Wöltgens zag de markt als een geloof dat alles en iedereen aan zich onderwerpt en tot koopwaar maakt
‘Het gat dat Thijs naliet,’ schreef Dagblad De Limburger op 2 juni over een van de meest invloedrijke politici uit Limburg: Thijs Wöltgens. Tien jaar na zijn dood ging de verslaggever van de betreffende krant op zoek naar zijn erfenis. Wordt de politicus uit Kerkrade gemist? Het antwoord is kort: Ja! Er moet weer een Wöltgens op links opstaan aldus VVD’er Mark Verheyen in het betreffend artikel. Want voor een goed intellectueel debat heb je tegengestelde meningen nodig. Zeker nu links al jaren met zichzelf (en elkaar) overhoop ligt.

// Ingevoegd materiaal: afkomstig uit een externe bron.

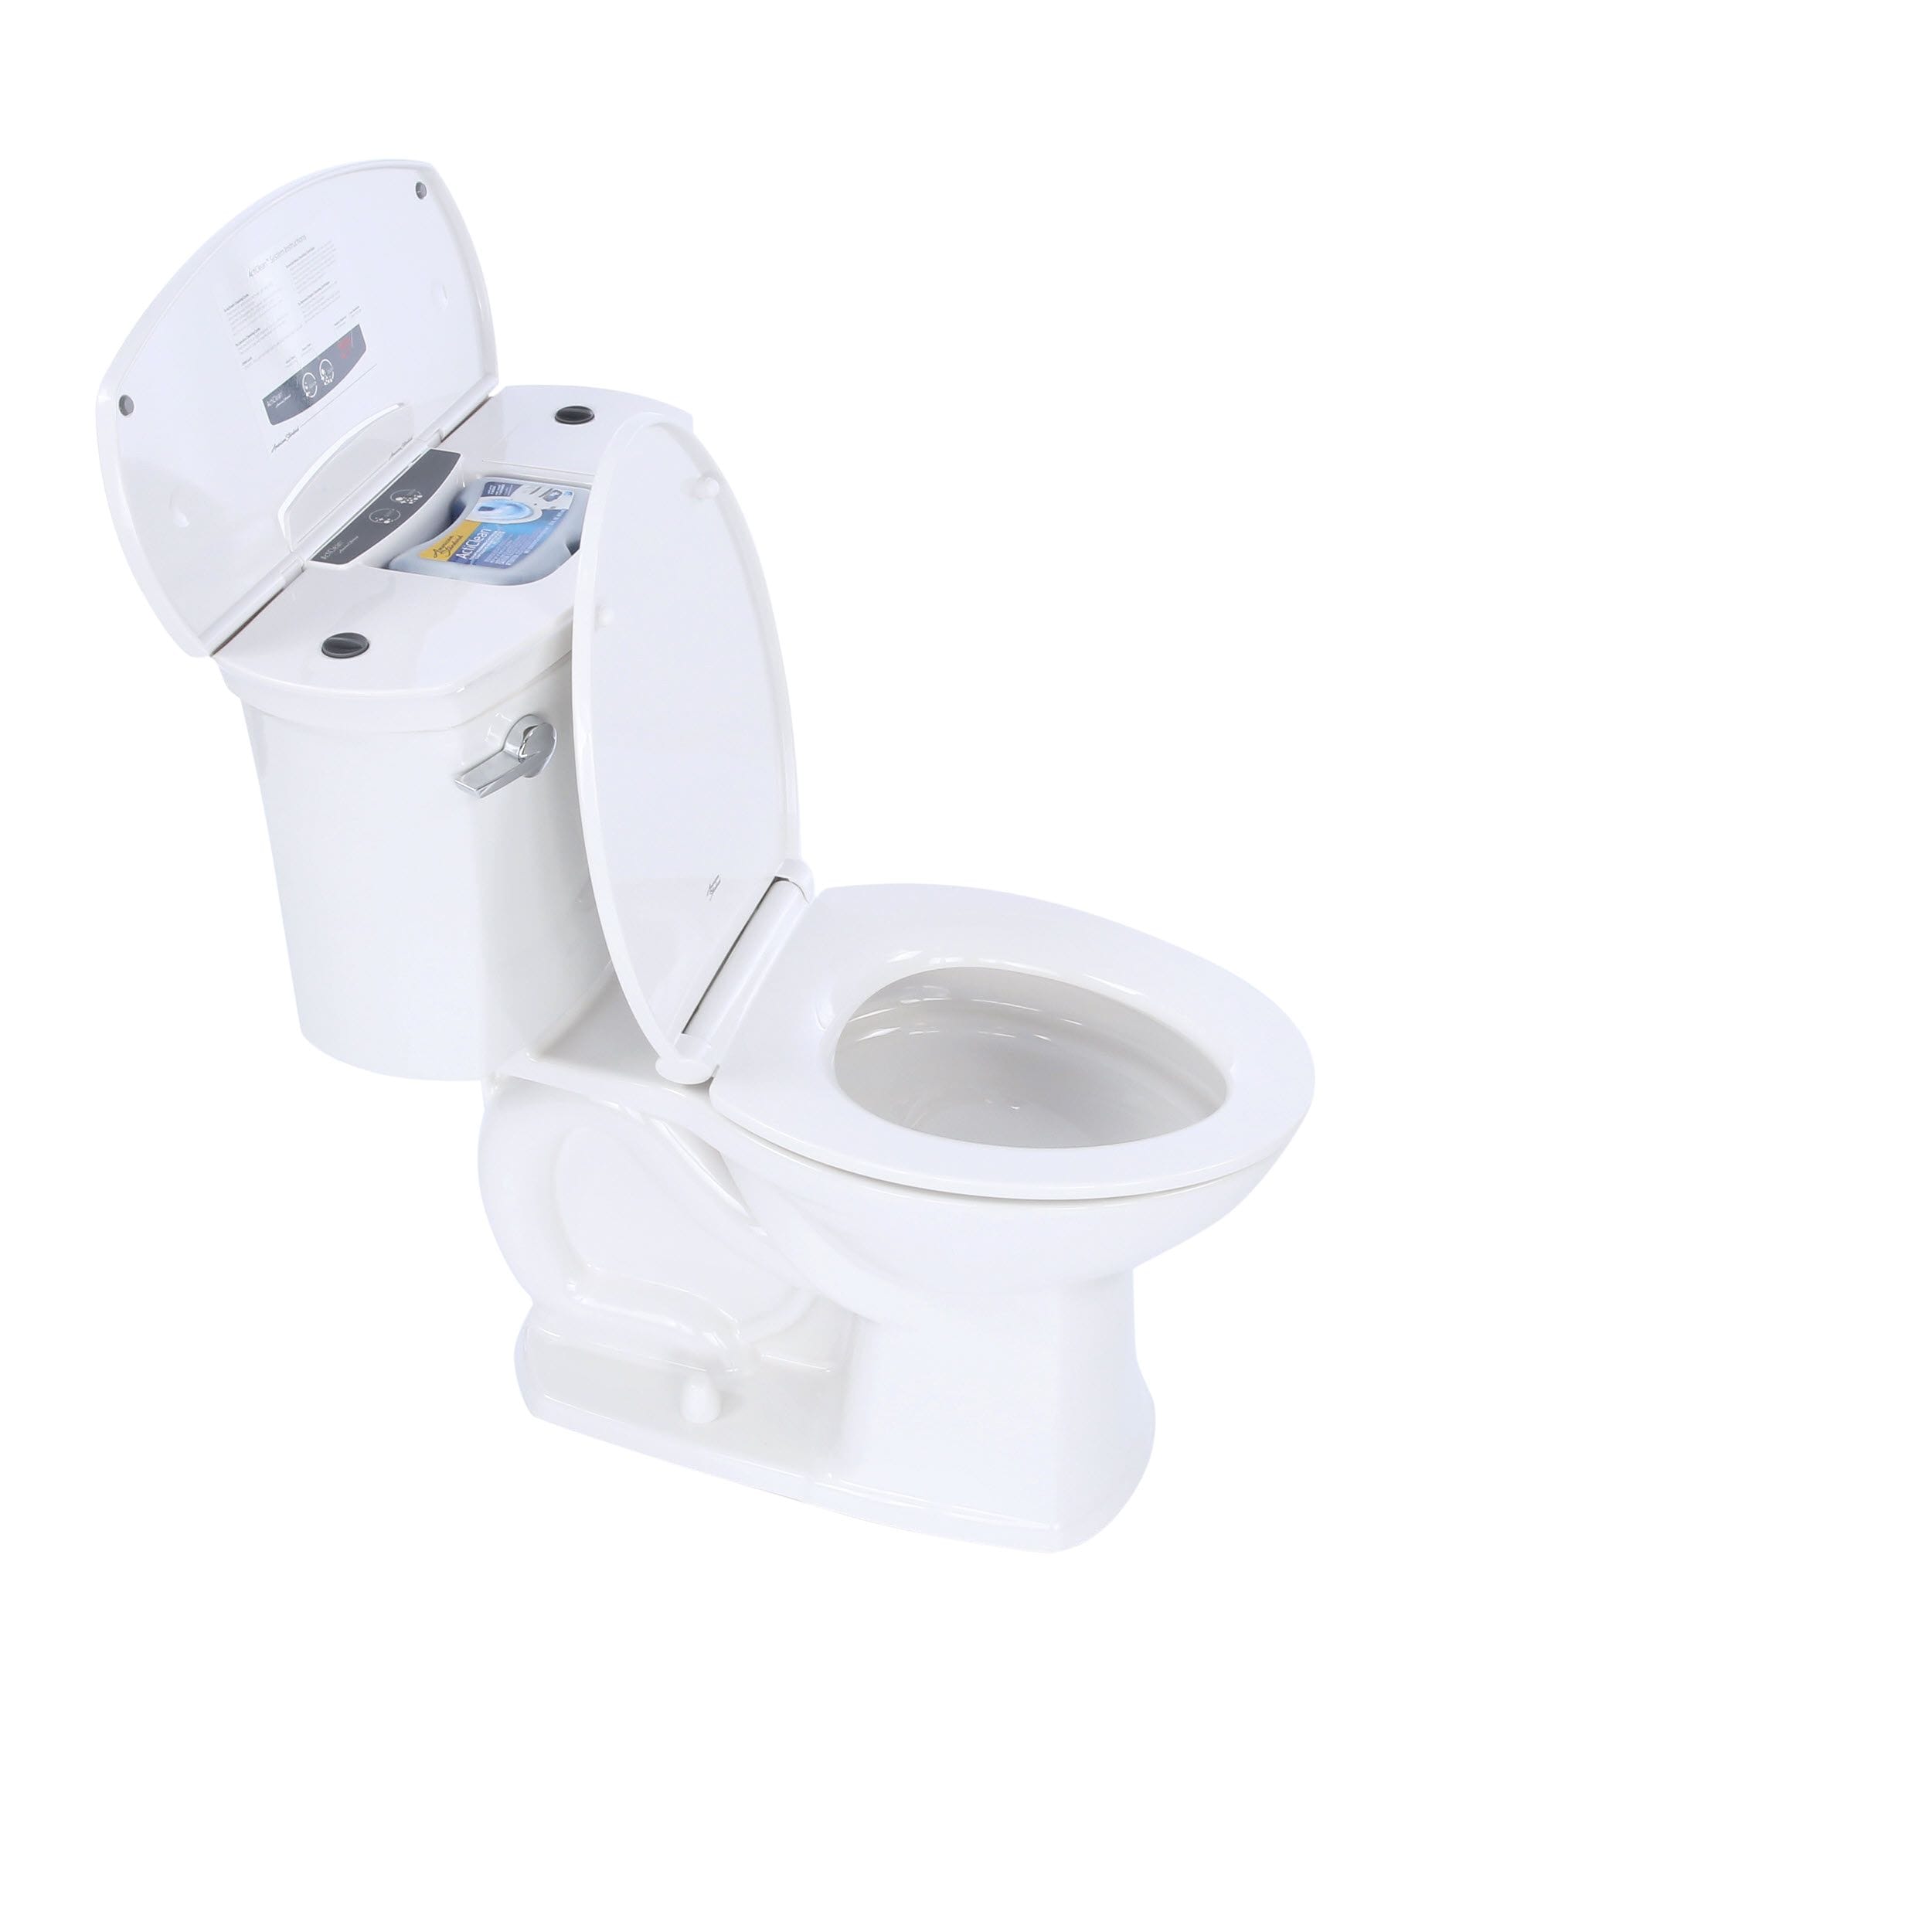 Set 4 white ceramic childrens toilet toilets S-trap 22" x 13" x 12" selling each

Terwijl de PvdA medio jaren negentig onder Kok de weg insloeg naar ‘de derde weg’ waarschuwde de Limburgse politicus al in 1996 voor het neoliberalisme. De sociaaldemocratie is verloren als zij niet de frontale aanval op het neoliberalisme inzet, schreef hij in zijn boekje ‘De Nee zeggers’. Voor Wöltgens was de markt geen ordeningsmechanisme dat vrije individuen disciplineert om hun kwaliteiten zo rationeel mogelijk te ontplooien. Nee, voor Wöltgens was de markt een geloof dat alles en iedereen aan zich onderwerpt en tot koopwaar maakt. Bij hem stond de onvrijheid van de markt voorop, terwijl de (consensus-)politiek van de verzorgingsstaat juist garant staat voor de vrijheid. Werd hier geen halt aan geroepen dan zouden de mensen zich van de PvdA afwenden. ‘Herverdeling is uit, tweedeling is in’, constateerde hij spijtig.
De kern van zijn betoog ging over civil courage, het activeren van het primaire (ge)weten en het ontmaskeren van de markt. Hij moest niets hebben van een economisch systeem dat hebzucht en het morele gelijk van de winnaar zo voorop plaatst ten koste van elementaire morele principes. Niet voor niets werd de denker Wöltgens bekend als voorstander van het ‘Rijnlands model’. De menselijkere vorm van kapitalisme waar een consensus bestaat tussen werkgever en werknemer. Landen met het ‘Rijnlands model’, dus met relatief veel inkomensgelijkheid en sociale bescherming, functioneren economisch beter en kennen meer vrijheid, meent Wöltgens. Waar de overheid zich passiever opstelt, heeft de burger minder vrijheid, dit in tegenspraak tot wat de neoliberale theorie belooft. Want zijn de mensen in bijvoorbeeld de Verenigde Staten echt zoveel vrijer dan wij?
Later zou men het volgens hem onbegrijpelijk vinden ‘waarom wij 80.000 miljonairs rijker maken ten koste van de terugkeer van zichtbare armoede voor honderdduizenden’. Ondanks de bijna profetische woorden van d’r Thijs zoals hij liefkozend in Kerkrade genoemd werd greep het geloof in het neoliberalisme steeds verder om zich heen. Waar dit geloof toe geleid heeft hebben we allemaal lijfelijk mogen ervaren. Het neoliberalisme dat doorsijpelde tot in de haarvaten van de samenleving.
Hoeveel van ons werden niet verleid om meer te lenen voor een grotere tv of auto? Greed is good! Hebzucht, aangejaagd door bankiers en internationaal georiënteerde rijken die de staat alleen nog als hindernis zien. Dezelfde staat die vervolgens wel de puinhoop mocht oplossen toen het misging. Jarenlang hebben we met zijn allen de broekriem moeten aanspannen. Hoewel de PvdA niet wegliep toen het misging (Wouter Bos en Diederik Samsom) heeft mijn partij wel verzuimd om met een goed (internationaal) alternatief te komen. De voorspelling van Wöltgens over de sociaaldemocratie kwam ook uit want de teleurgestelde kiezer wendde zich bij de Tweede Kamerverkiezingen van 2017 massaal van de PvdA af.
‘Er is geen totaalvisie voor de sociaaldemocratie’, aldus de Limburgse FNV ’er Wiel Friedrichs. Helemaal ongelijk heeft hij niet. Daarom zou teruggrijpen op de wijze woorden van deze sociaaldemocratische denker uit Kerkrade anno 2018 helemaal niet verkeerd zijn. Een visie die ankers slaat en inspireert!